# "Tudor Prince" Furness Withy Tanker



## PJG1412

Jan /62 I joined this tanker at the Isle of Grain as galleyboy and spent 7 months going as far as NZ and Australia. Part of the voyage as Baker/Cook. An experiance never forgotten.(see threads)
So having now completed 7 models (3 scratch bt) it was time for the tanker. I wanted it to be the same size as the Furness Withy Pacific Envoy which was my next ship with promotion to Engs. steward(see other threads)
With 2 photos only, a start was made, then 2 weeks ago found some more on the web, including 3 from '62 taken in Littleton NZ when I think I was on board (exciiting)
So same method used, any bit of scarp wood/balsa, card (from the office 12 years ago) and then silk with fibreglass, finished with filler. 
Then the test ...she floats !!! But going to need alot of ballast, wife suggested "Oil " stupid woman !! 
Will also have RC etc, and thinking of including bow thrusters, for the first time, although I don't think she had them.
PJG


----------



## Keltic Star

Nice work PJG1412, I sailed on her as Cadet on her maiden voyage. On charter to BP for the Abadan to Indian ports with Kero & Av Gas. Worst run imaginable and what a workhorse deck-wise. The yard had not blasted and primed the hull and deck plates properly. Rust started by the time we passed through Gib and was never ending.

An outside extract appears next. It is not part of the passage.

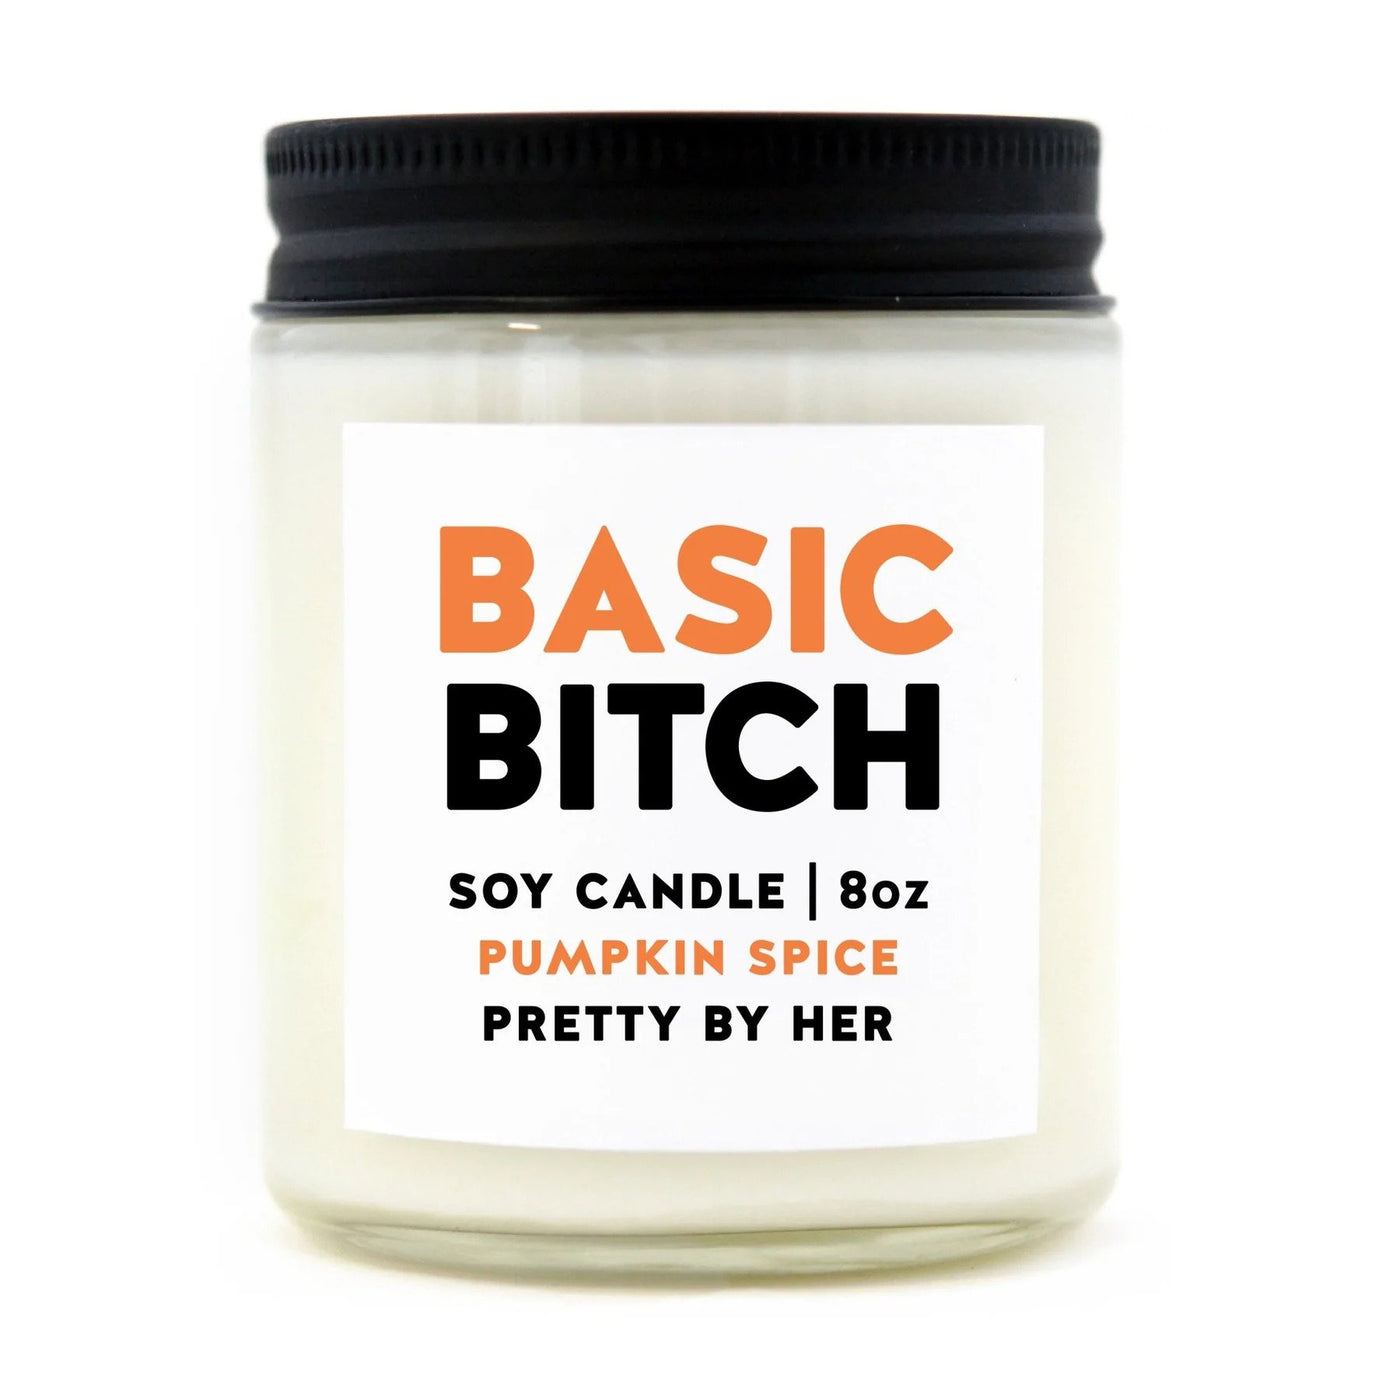 Basic Bitch Candle

Fortunately for us, the new "J" type Doxford engine blew her bearings in the Indian Ocean and we limped home for refit after six months.


----------



## A.D.FROST

Keltic Star said:


> Nice work PJG1412, I sailed on her as Cadet on her maiden voyage. On charter to BP for the Abadan to Indian ports with Kero & Av Gas. Worst run imaginable and what a workhorse deck-wise. The yard had not blasted and primed the hull and deck plates properly. Rust started by the time we passed through Gib and was never ending.
> 
> Fortunately for us, the new "J" type Doxford engine blew her bearings in the Indian Ocean and we limped home for refit after six months.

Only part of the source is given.